# Agate Agony: Converting Date Columns to Text after ingestion

as a pandas stan, agate is somewhat inscrutable to me. I need to cast Date columns to Text because... reasons.

The challenge is that it has to happen *after* the csv is loaded into memory as an Agate table

In [91]:
import agate
import os
from loguru import logger

In [82]:
os.chdir('/Users/anders.swanson/repos/jaffle_shop/')
fname='data/raw_orders.csv'

## the data
below you can see there are two date columns: `order` and `date` that are unquoted strings

In [83]:
! cat data/raw_orders.csv

id,user_id,order_date,status
1,1,2018-01-01,returned
2,3,2018-01-02,completed
3,94,2018-01-04,completed
4,50,2018-01-05,completed
5,64,2018-01-05,completed
6,54,2018-01-07,completed
7,88,2018-01-09,completed
8,2,2018-01-11,returned
9,53,2018-01-12,completed
10,7,2018-01-14,completed
11,99,2018-01-14,completed
12,59,2018-01-15,completed
13,84,2018-01-17,completed
14,40,2018-01-17,returned
15,25,2018-01-17,completed
16,39,2018-01-18,completed
17,71,2018-01-18,completed
18,64,2018-01-20,returned
19,54,2018-01-22,completed
20,20,2018-01-23,completed
21,71,2018-01-23,completed
22,86,2018-01-24,completed
23,22,2018-01-26,return_pending
24,3,2018-01-27,completed
25,51,2018-01-28,completed
26,32,2018-01-28,completed
27,94,2018-01-29,completed
28,8,2018-01-29,completed
29,57,2018-01-31,completed
30,69,2018-02-02,completed
31,16,2018-02-02,completed
32,28,2018-02-04,completed
33,42,2018-02-04,completed
34,38,2018-02-06,completed
35,80,2018-02-08,completed
36,85,2018-02-10,completed
37,1,2018-02-

## wishful thinking

If I had control of how the agate table was loaded into memory, the job is easy

In [106]:
tester = agate.TypeTester(types=[agate.Text()])
# orders_txt = agate.Table.from_csv(fname, column_types=tester)
orders_txt = agate.Table.from_csv(fname, column_types={'order_date': agate.Text()})

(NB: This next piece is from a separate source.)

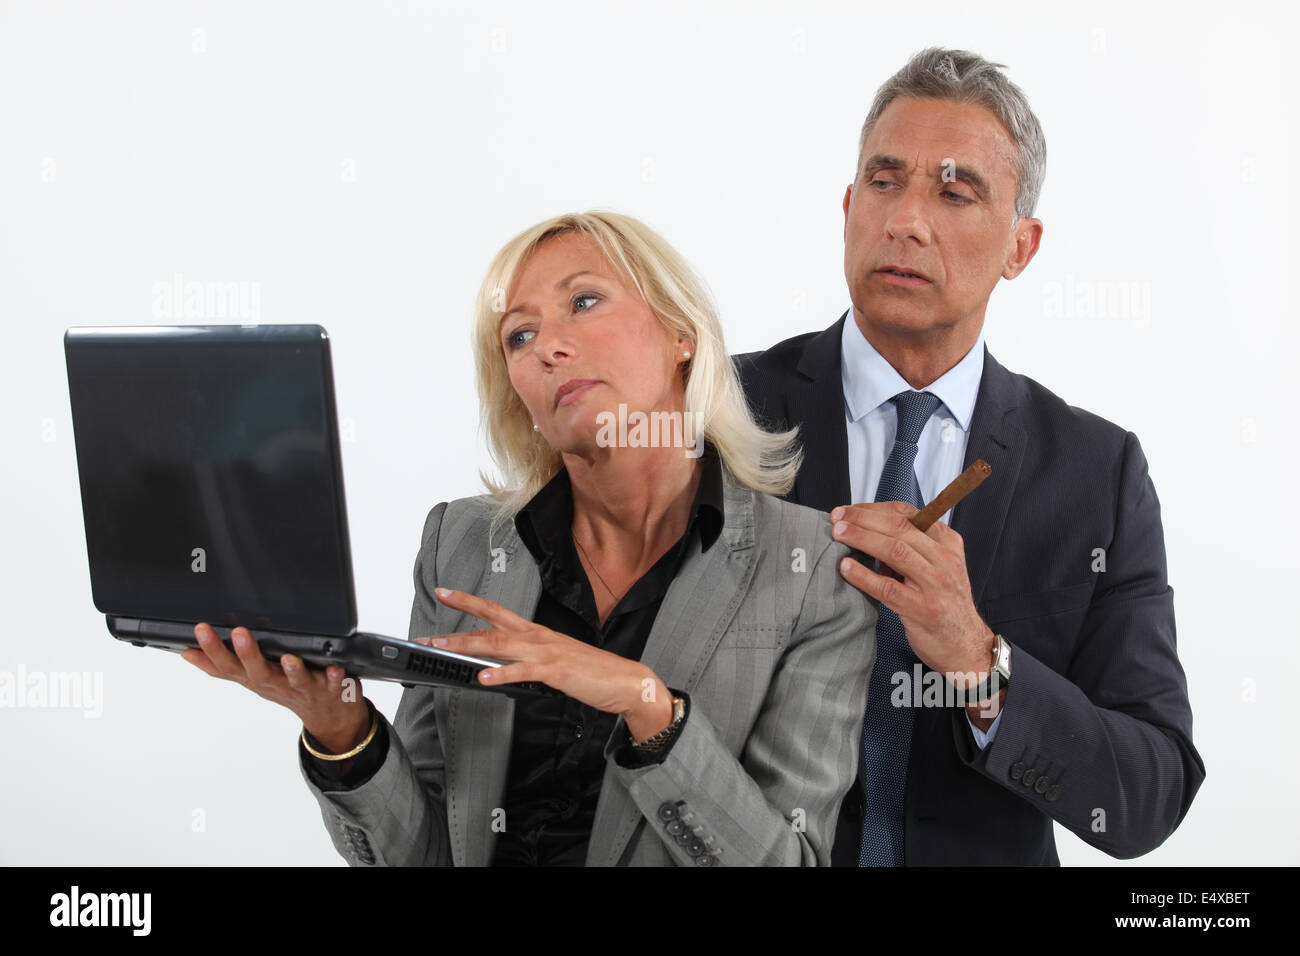 Man putting the moves on his co-worker Stock Photo

orders_txt.print_structure(),orders_txt.print_table()

| column     | data_type |
| ---------- | --------- |
| id         | Number    |
| user_id    | Number    |
| order_date | Text      |
| status     | Text      |
| id | user_id | order_date | status    |
| -- | ------- | ---------- | --------- |
|  1 |       1 | 2018-01-01 | returned  |
|  2 |       3 | 2018-01-02 | completed |
|  3 |      94 | 2018-01-04 | completed |
|  4 |      50 | 2018-01-05 | completed |
|  5 |      64 | 2018-01-05 | completed |
|  6 |      54 | 2018-01-07 | completed |
|  7 |      88 | 2018-01-09 | completed |
|  8 |       2 | 2018-01-11 | returned  |
|  9 |      53 | 2018-01-12 | completed |
| 10 |       7 | 2018-01-14 | completed |
| 11 |      99 | 2018-01-14 | completed |
| 12 |      59 | 2018-01-15 | completed |
| 13 |      84 | 2018-01-17 | completed |
| 14 |      40 | 2018-01-17 | returned  |
| 15 |      25 | 2018-01-17 | completed |
| 16 |      39 | 2018-01-18 | completed |
| 17 |      71 | 2018-01-18 | completed |
| 18 |      64 | 2018-01-20 | returned  

(None, None)

## the given object

instead we are forced to work with the the auto-inferred column types which are correct, but whatever

In [85]:
orders = agate.Table.from_csv(fname)

orders.print_structure(),orders.print_table()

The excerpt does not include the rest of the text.